1. Los Zetas 说明合法训练可以流入非法暴力市场
1.1 一个贩毒集团改变了墨西哥毒品战争景观
- 2010 到 2011 年间,Los Zetas 绑架了数十名来自中美洲的移民。在塔毛利帕斯州 San Fernando,当局发现了乱葬坑。Open Society Justice Initiative 2016 年报告认为,Zetas 成员的杀戮、强迫失踪和酷刑有充分证据符合反人类罪法律定义。
- 这个团伙不只贩毒,还攻击多个城镇的无辜平民,用重武器对抗墨西哥政府,并制造大规模强迫失踪。它因此成为墨西哥毒品战争中极端暴力专业化的标志。
1.2 Zetas 的源头打破了“警察/军队 vs 犯罪者”的简单二分
- 多数人被教育成把 Zetas 这样的罪犯视为警察或军队的对立面,甚至把合法权威与非法贩毒集团的斗争理解为善恶对抗。但 Zetas 的特殊性在于,它由墨西哥陆军特别反叛乱部队的分裂成员创建。
- 1997 年,超过 30 名 GAFES(墨西哥特种空中机动小组)士兵叛逃,为海湾 cartel 头目工作。他们受政府训练,掌握心理恐怖、丛林战和重武器操作,后来用墨西哥军方无线电系统里的 Z 代码给组织命名。这条路径显示,士兵、警察、罪犯、游击队、恐怖分子甚至种族灭绝执行者之间,训练、战术和日常劳动常有大量共同点。
2. 暴力专家是一种工作:作者在少年犯访谈中听到的关键词是“上班”
2.1 Charles Tilly 的概念帮助重新命名组织化暴力
- 社会学家 Charles Tilly 称这些人为 violence specialists(暴力专家):无论受雇于政府、游击组织、黑手党还是警察部门,他们都执行日常化和专业化的暴力活动,并以此谋生。作者强调,难点正在于承认组织化暴力是一种工作,而且警察和罪犯可能共享某些职业底层。
- 作者 2023 年在墨西哥州 Toluca 附近的 La Quinta del Bosque 少年拘留中心采访了 18 名因杀人被判刑、曾参与犯罪组织的年轻男性。这个中心曾是一座农舍,关押的是 14 到 17 岁犯罪的年轻人,疫情限制解除后作者前往访问。
2.2 年轻杀手把杀人和护货称为 chambear
- 在这 18 次访谈里,作者反复听见年轻人谈“工作”。他们用墨西哥西班牙语口语 chambear(工作)来谈帮派暴力和杀戮。杀人或保护非法毒品,对他们来说是日常劳动。

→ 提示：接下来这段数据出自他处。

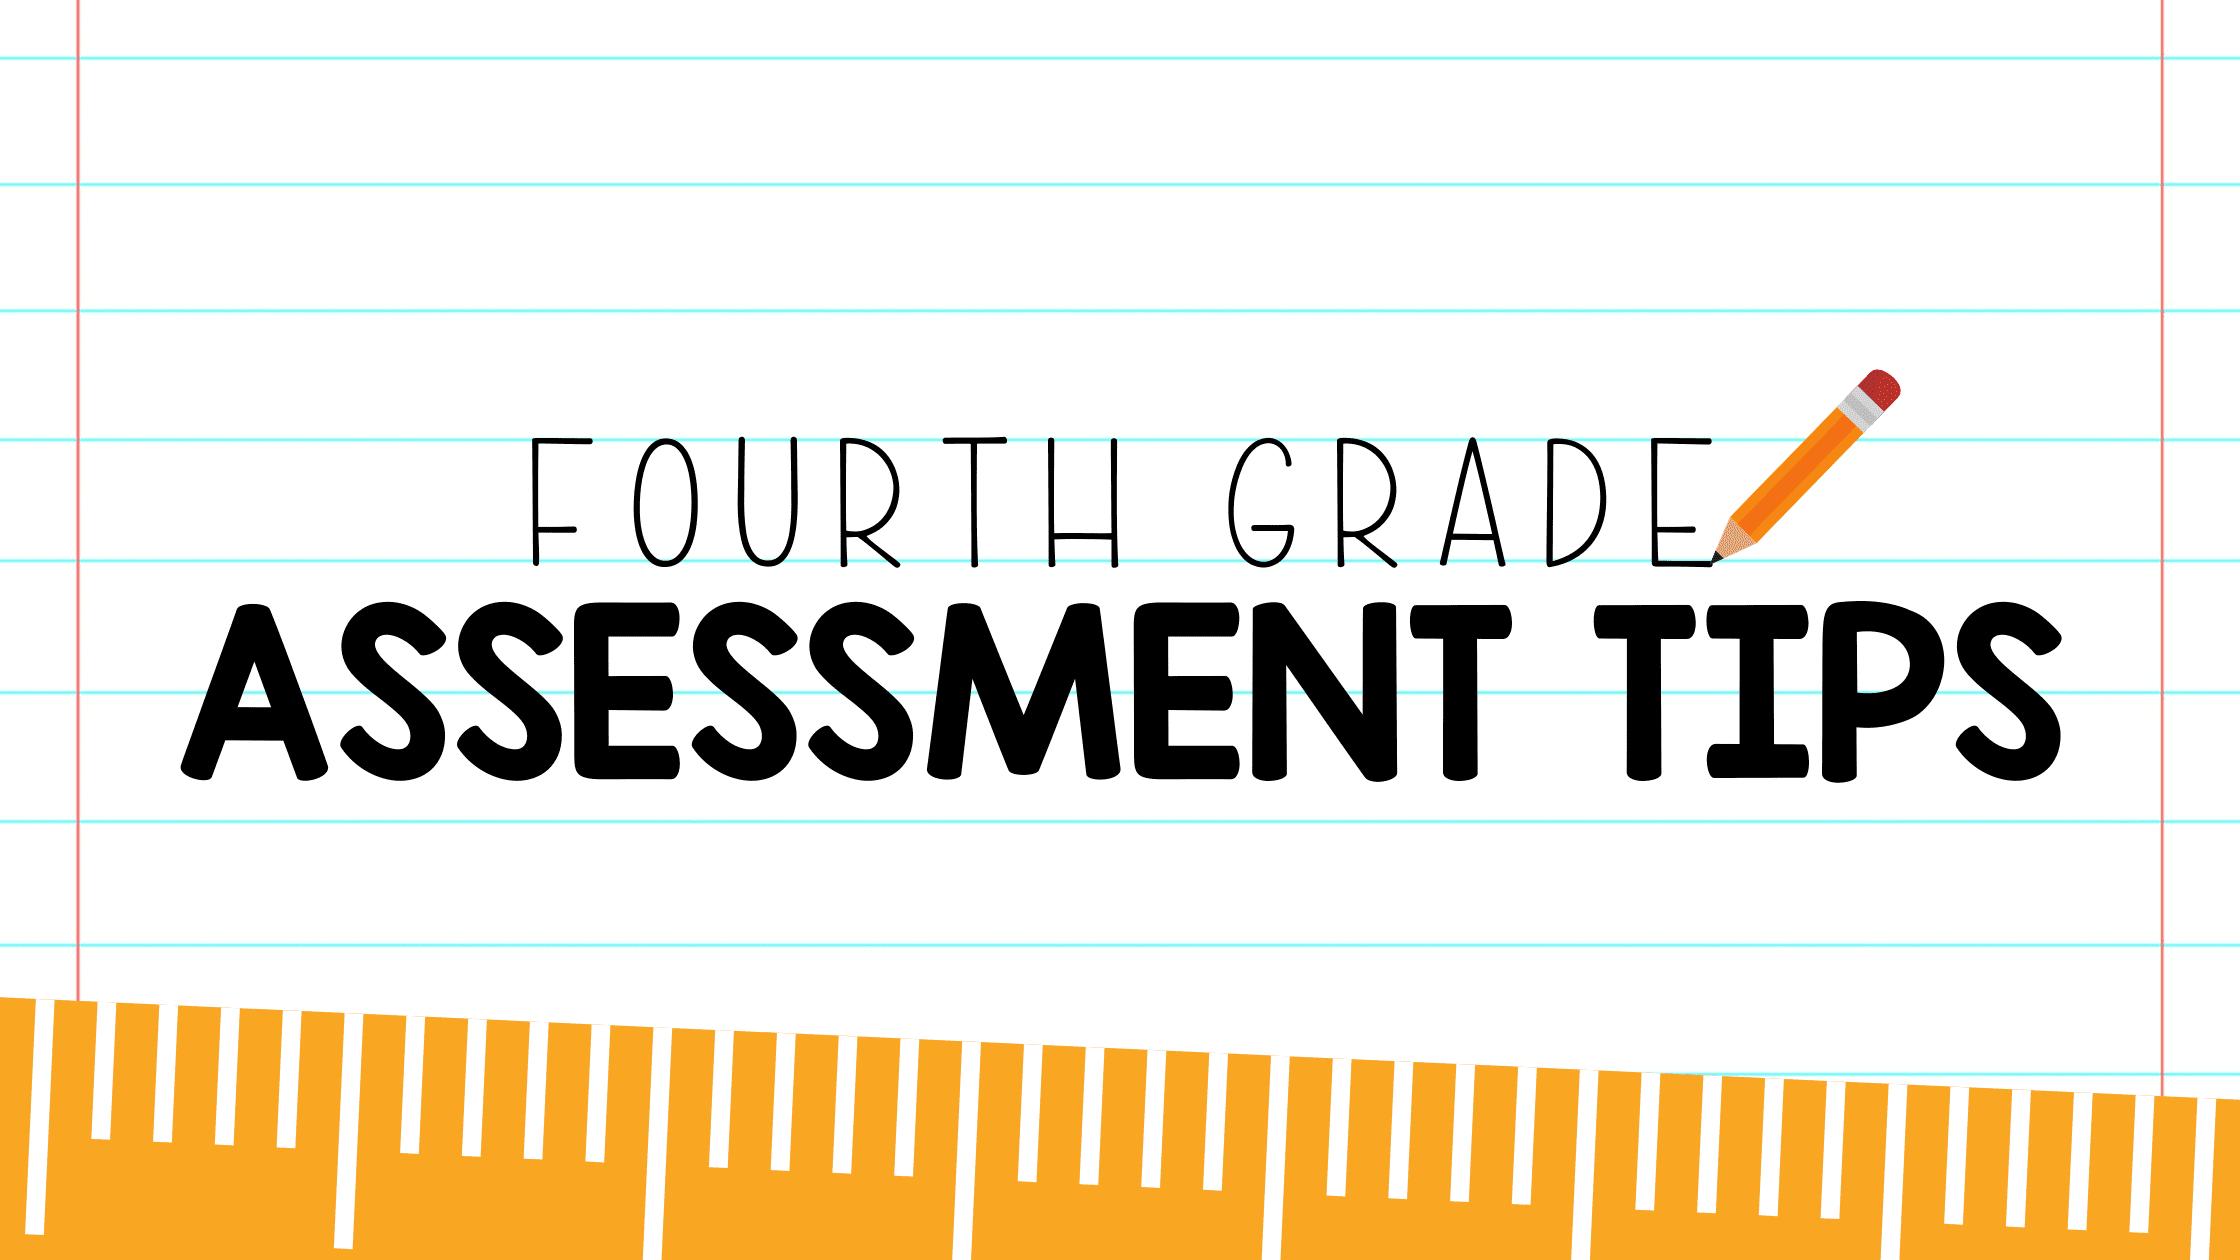 4th Grade Assessment Tips

- 作者的发现是,进入这种高风险职业大多是自愿的,目标是钱和声望。这里的“自愿”不表示没有结构性压迫,而是说明他们并不总是被直接强迫;他们把暴力岗位看成一种可选择的谋生路径。
3. 反驳两种简单解释:罪犯不是天生邪恶,士兵也不天然高尚
3.1 人性暴力论和创伤偏差论都太容易
- 许多人把暴力解释为人性中固有的攻击性,认为有人必然落入暴力诱惑,因此需要政府严格控制。另一种常识认为,犯罪暴力来自创伤事件,创伤让人成为“偏差者”,释放最坏本能。
- 与之相对,常识又把警察和军队描述为出于保护他人的愿望而加入,其暴力是利他的牺牲。但这个看法无法解释国家暴力也会伤害无辜者:20 世纪 70 年代智利、阿根廷、乌拉圭、巴西、巴拉圭和玻利维亚的独裁政府中,士兵曾酷刑、强迫失踪或杀害公民;美国警察暴力也广为人知。
3.2 UNESCO 的塞维利亚声明提示暴力不是自然命运
- 1989 年,UNESCO 通过《塞维利亚暴力声明》,主张社会可以消除暴力,因为暴力是文化和意识形态产物,可以从人的思想和欲望中被擦除。换言之,暴力欲望并不是从真空中出生,而是由父母和社会塑造。
- 作者接受这一挑战,但进一步提出:如果要理解非法暴力,也必须看社会如何把某些暴力合法化为职业。不能简单说帮派成员和恐怖分子是偏差者,士兵和警察就是利他者。关键问题是,政府和帮派领导者常用类似技术招募年轻人去执行暴力。
4. 招募逻辑:工资、声望、目的和男子气概共同诱人
4.1 政府与帮派都向男孩承诺尊重、收入和更大事业
- 地下组织和政府机构都会告诉年轻男孩:同辈和家庭会尊重你,你会获得好薪水,你会为更大事业贡献力量。作者在一个有犯罪组织存在的墨西哥小镇听到学生说,武器很有吸引力,军人也很酷;他们把两类武装人员看成同一种职业,只是雇主不同。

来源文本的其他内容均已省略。